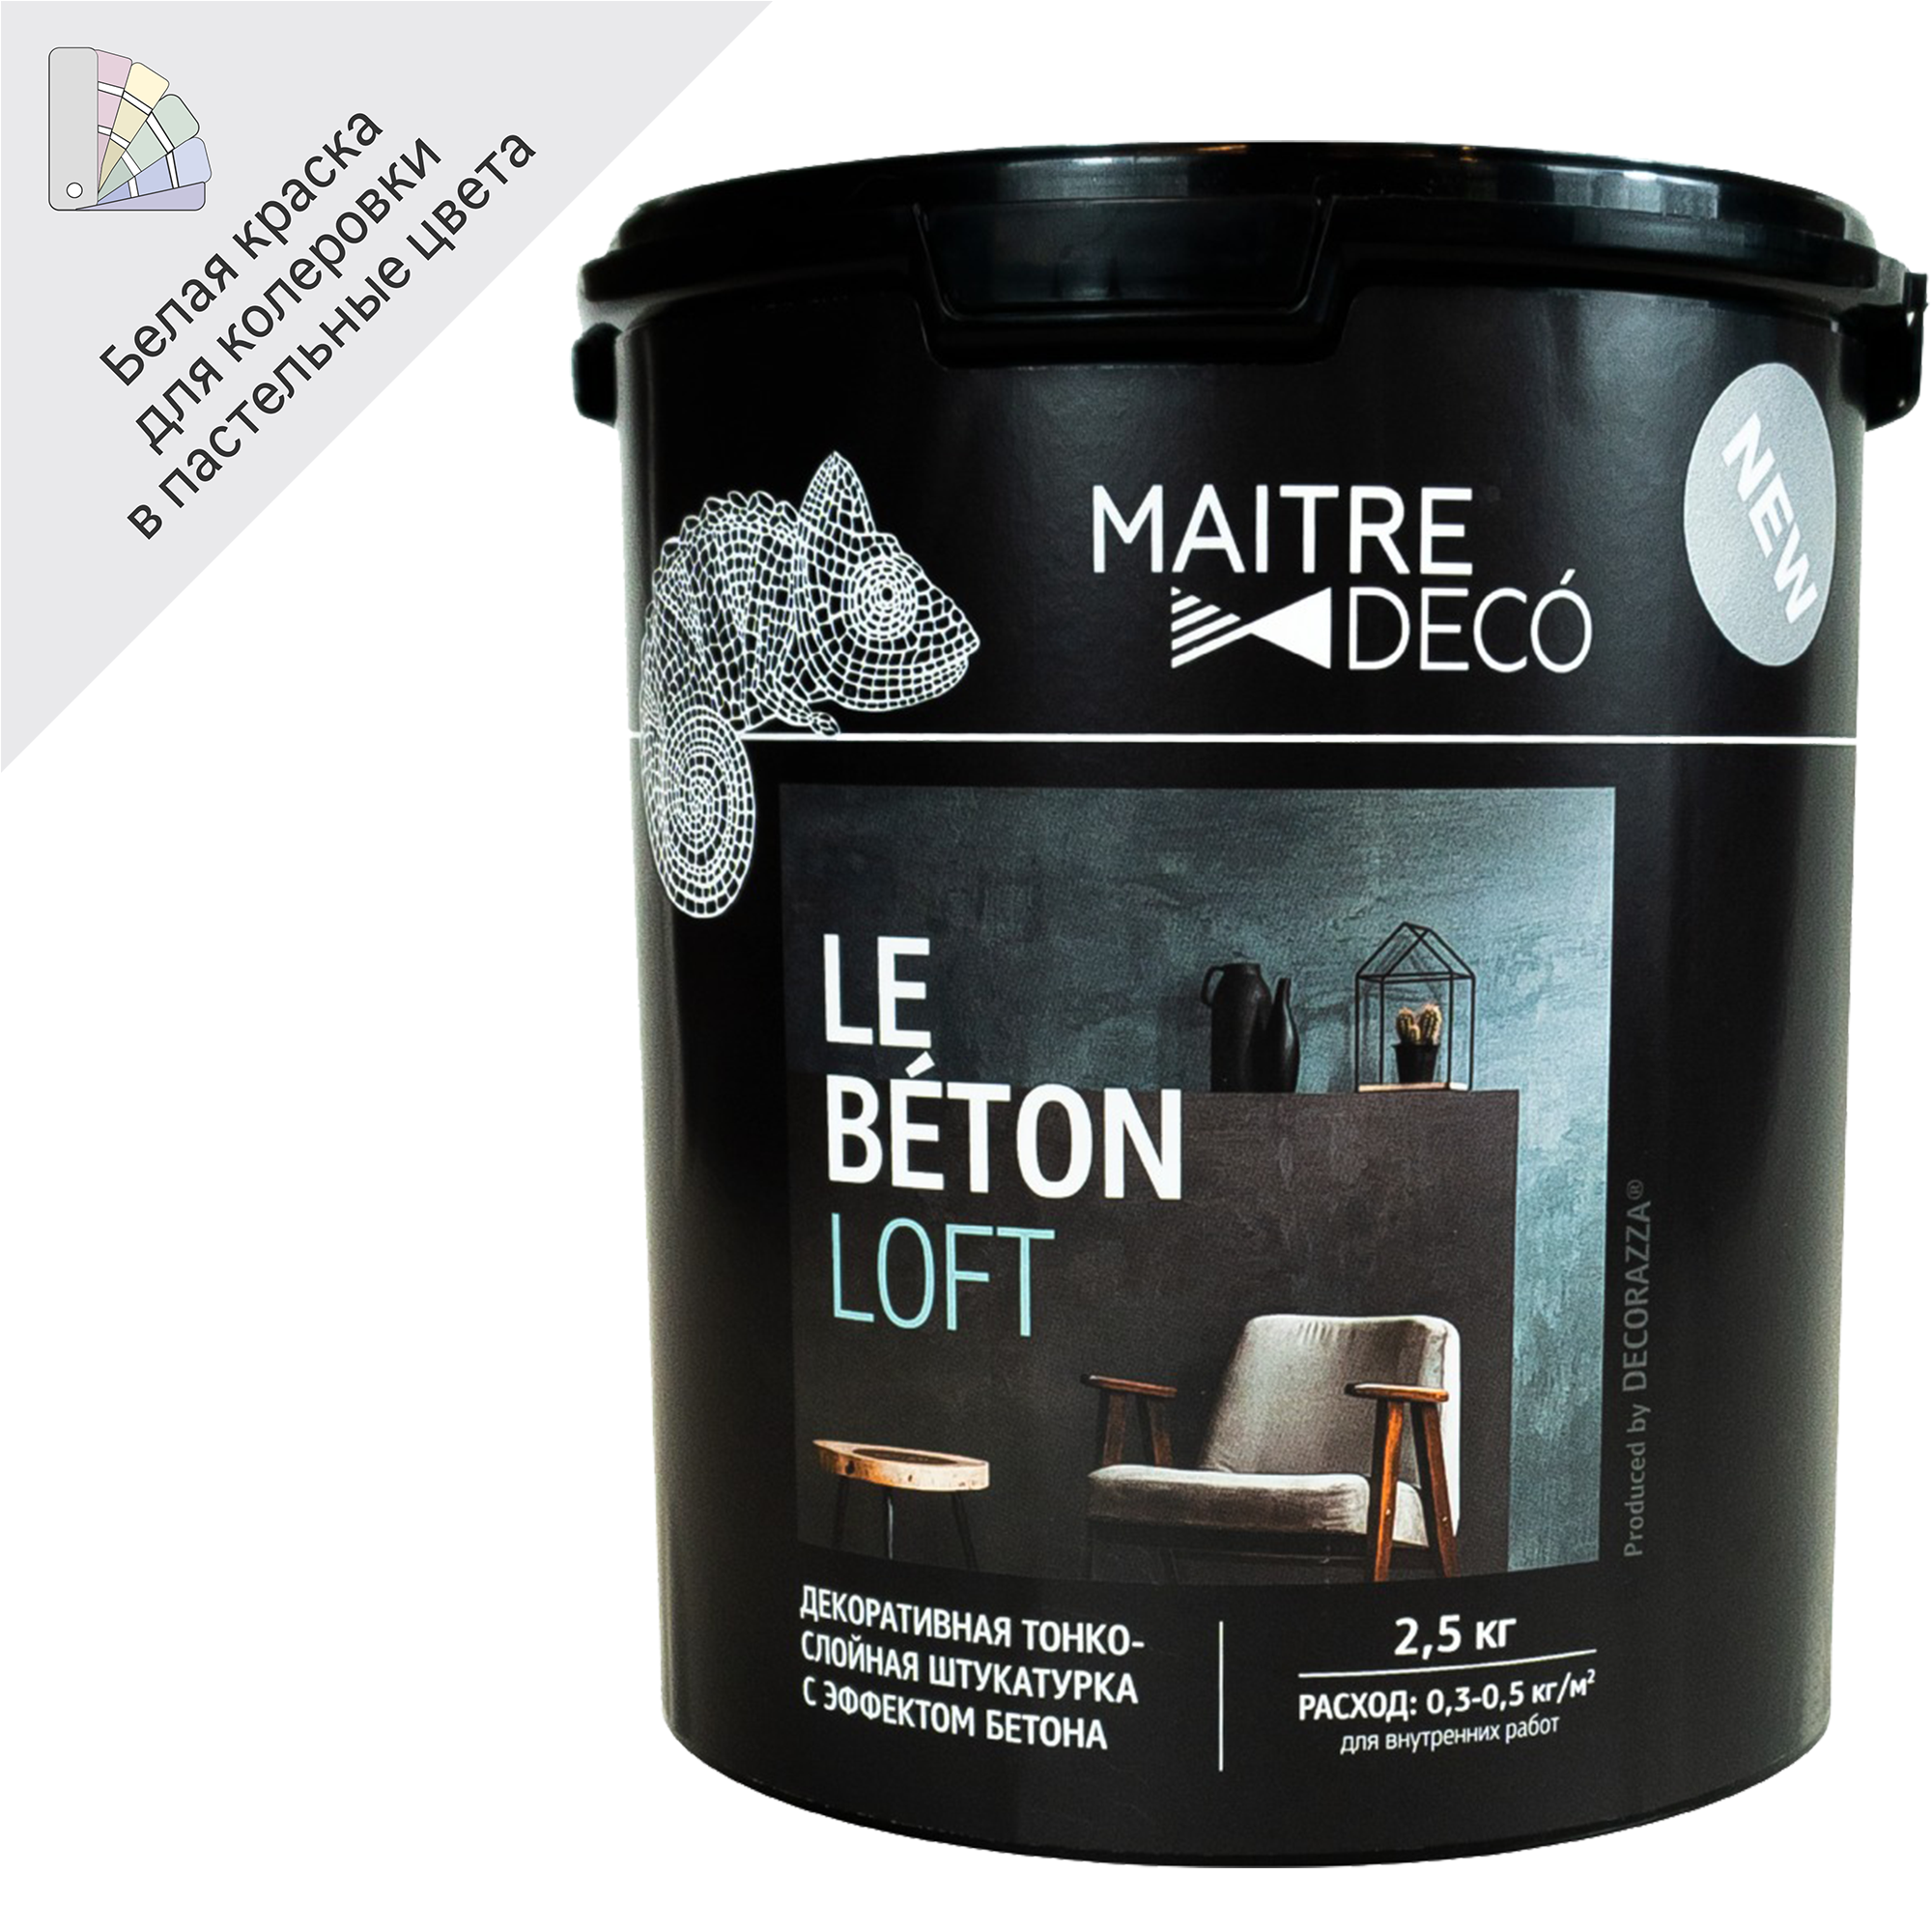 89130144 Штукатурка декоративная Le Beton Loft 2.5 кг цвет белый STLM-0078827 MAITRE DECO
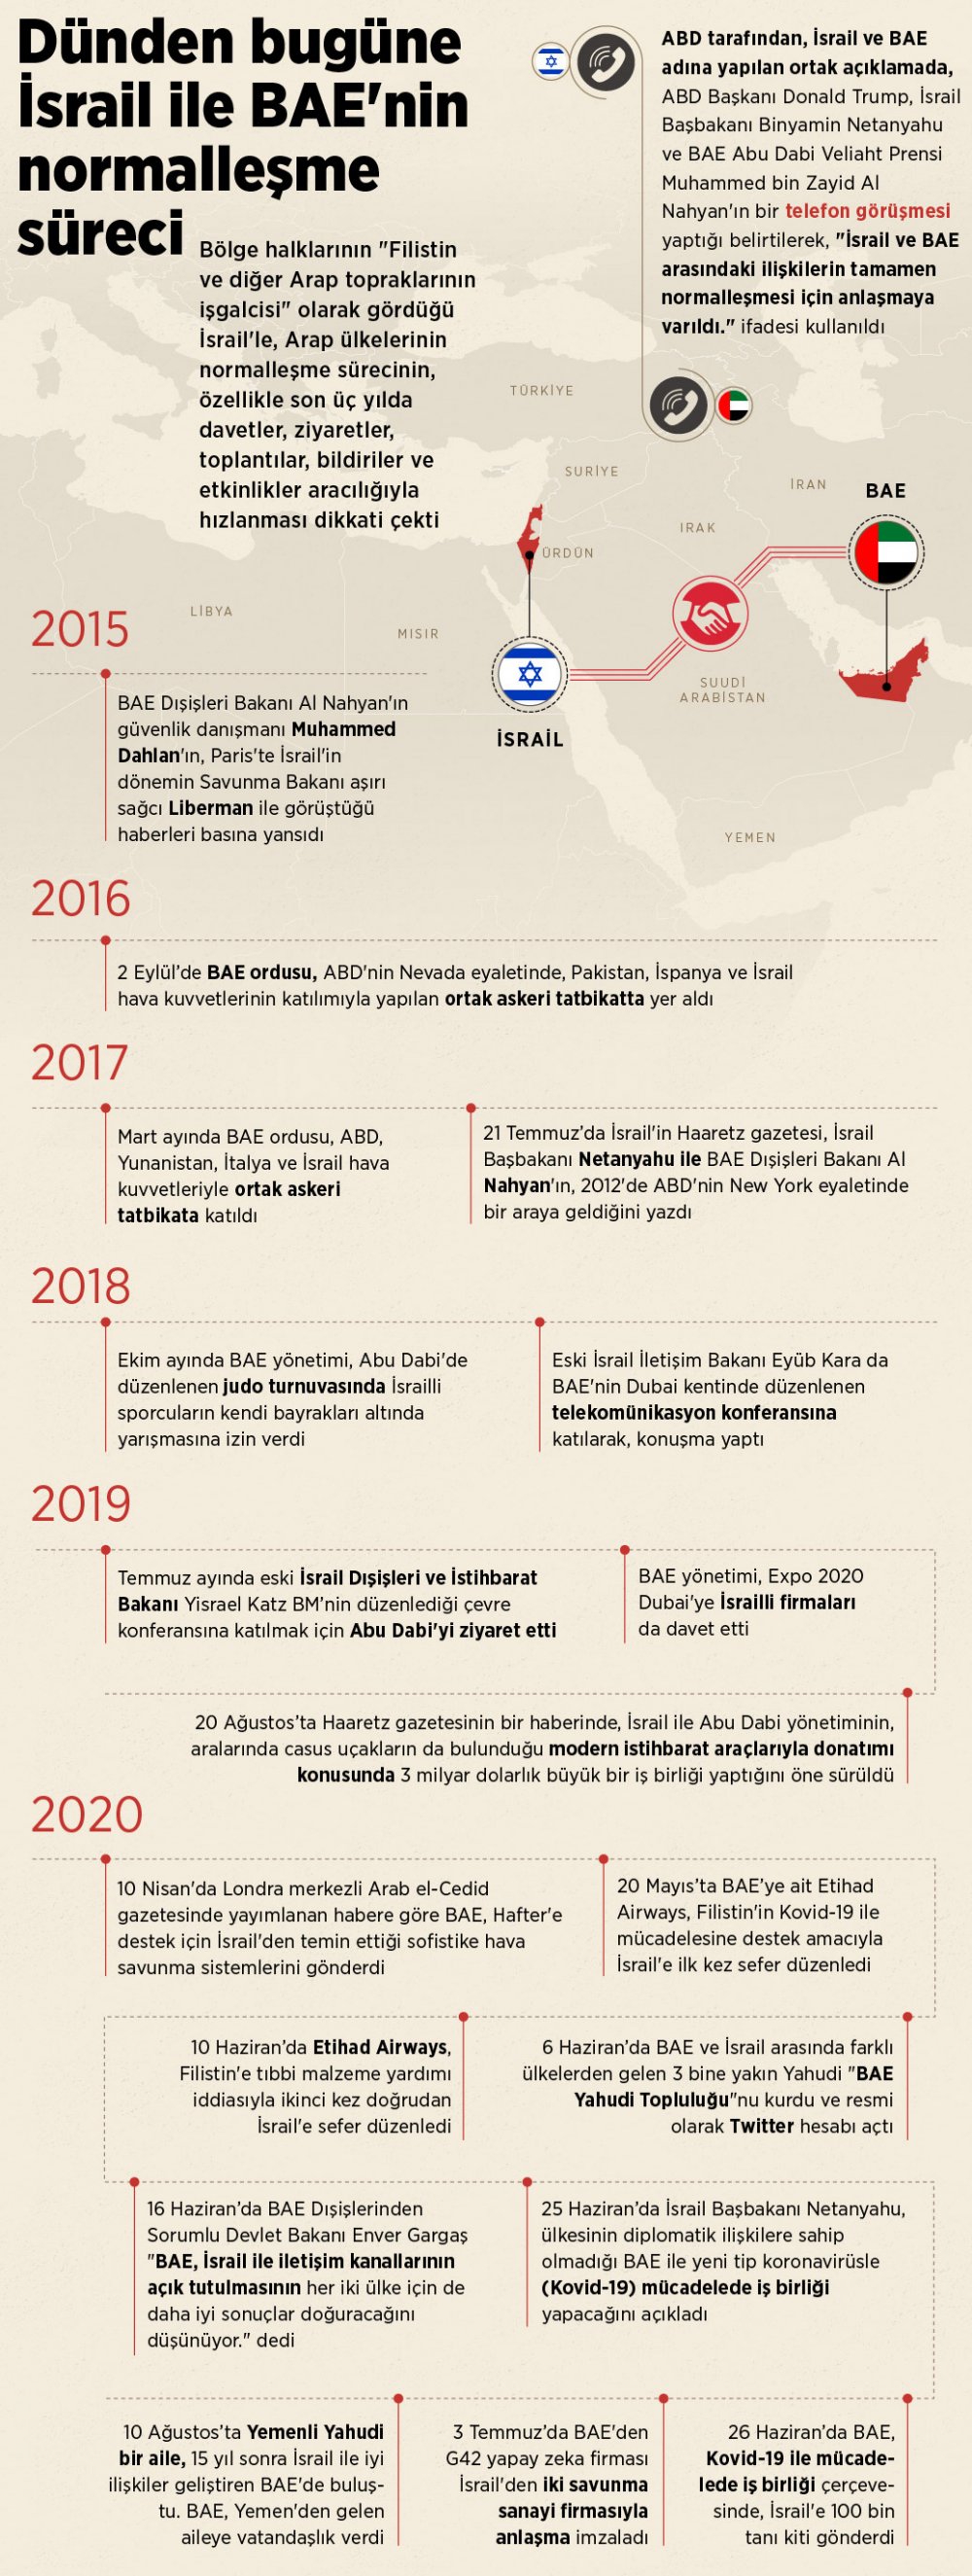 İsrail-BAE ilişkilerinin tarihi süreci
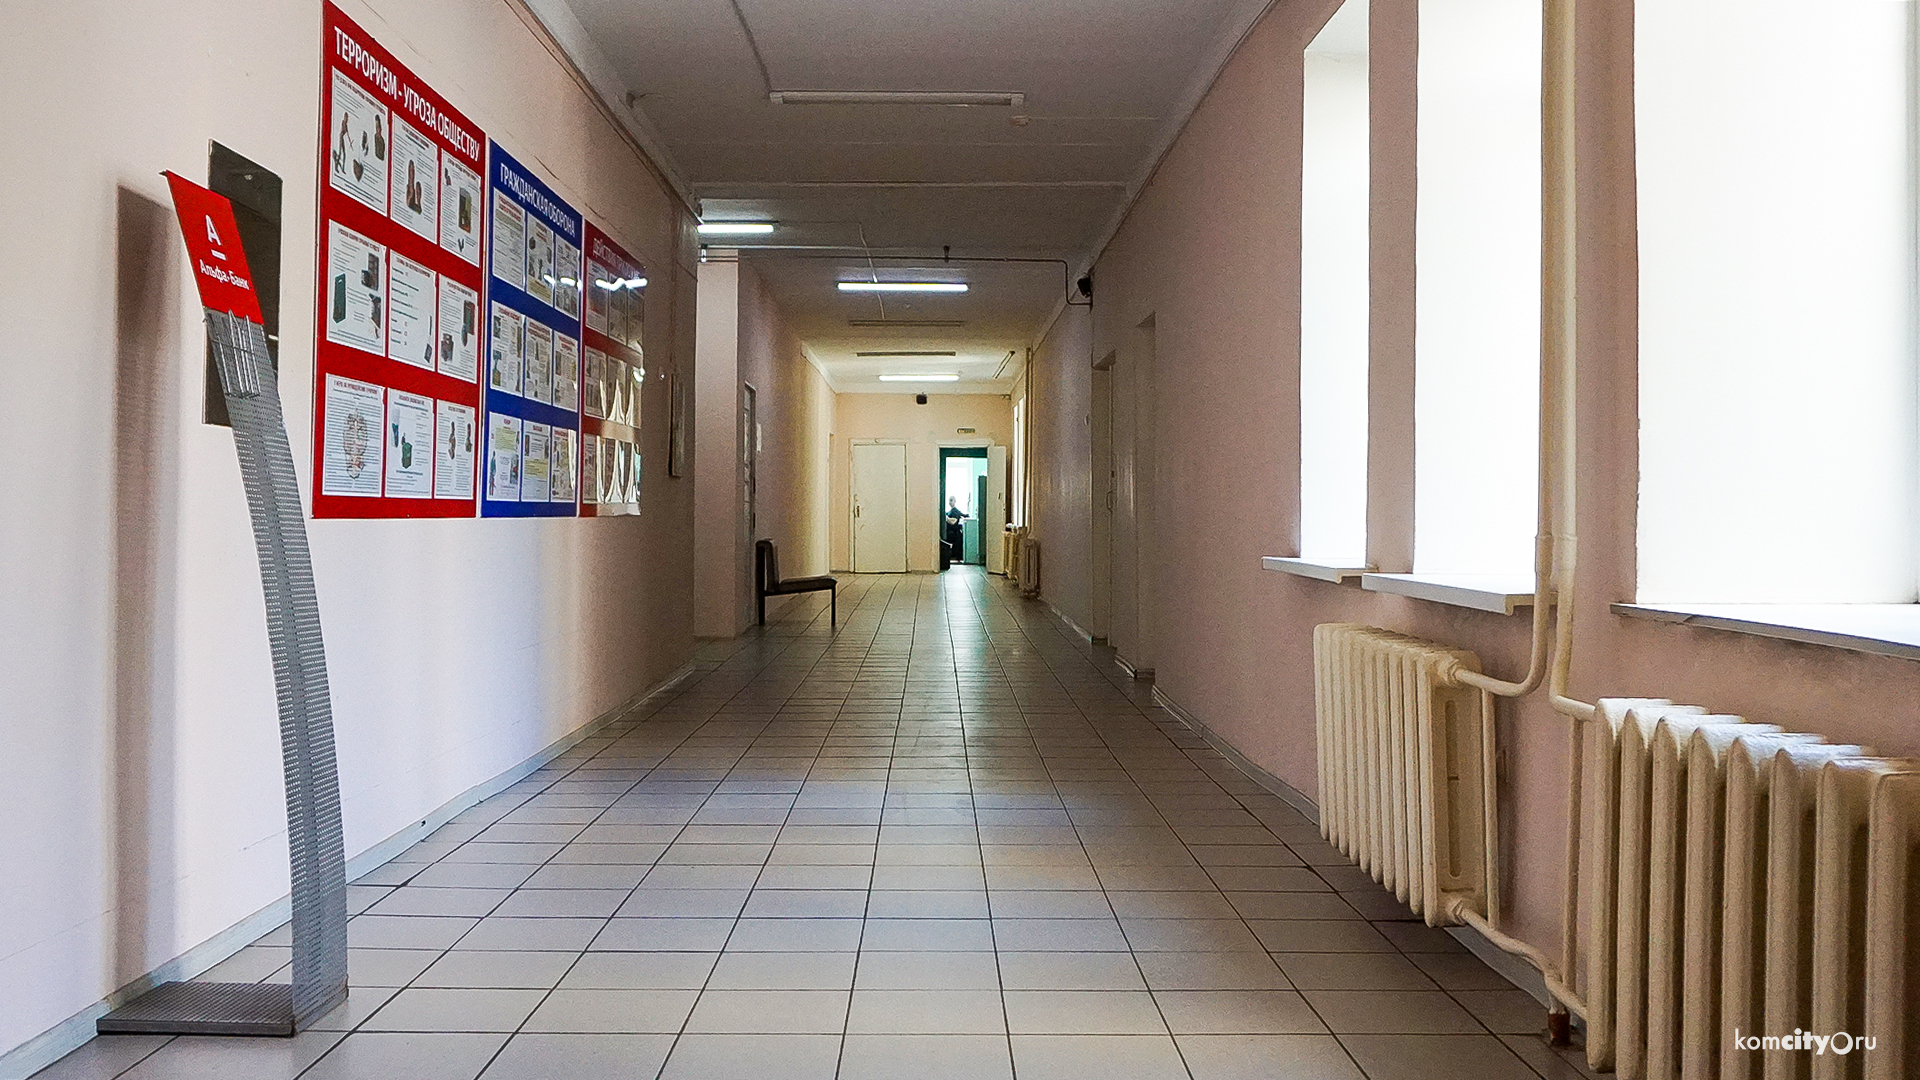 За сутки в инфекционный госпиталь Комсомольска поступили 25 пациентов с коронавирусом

**ASSIGNMENT**
Your task is to retype the listing exactly, without its pictures.

**EXERCISE ANSWER**
 89130144 Штукатурка декоративная Le Beton Loft 2.5 кг цвет белый STLM-0078827 MAITRE DECO
 İsrail-BAE ilişkilerinin tarihi süreci
 За сутки в инфекционный госпиталь Комсомольска поступили 25 пациентов с коронавирусом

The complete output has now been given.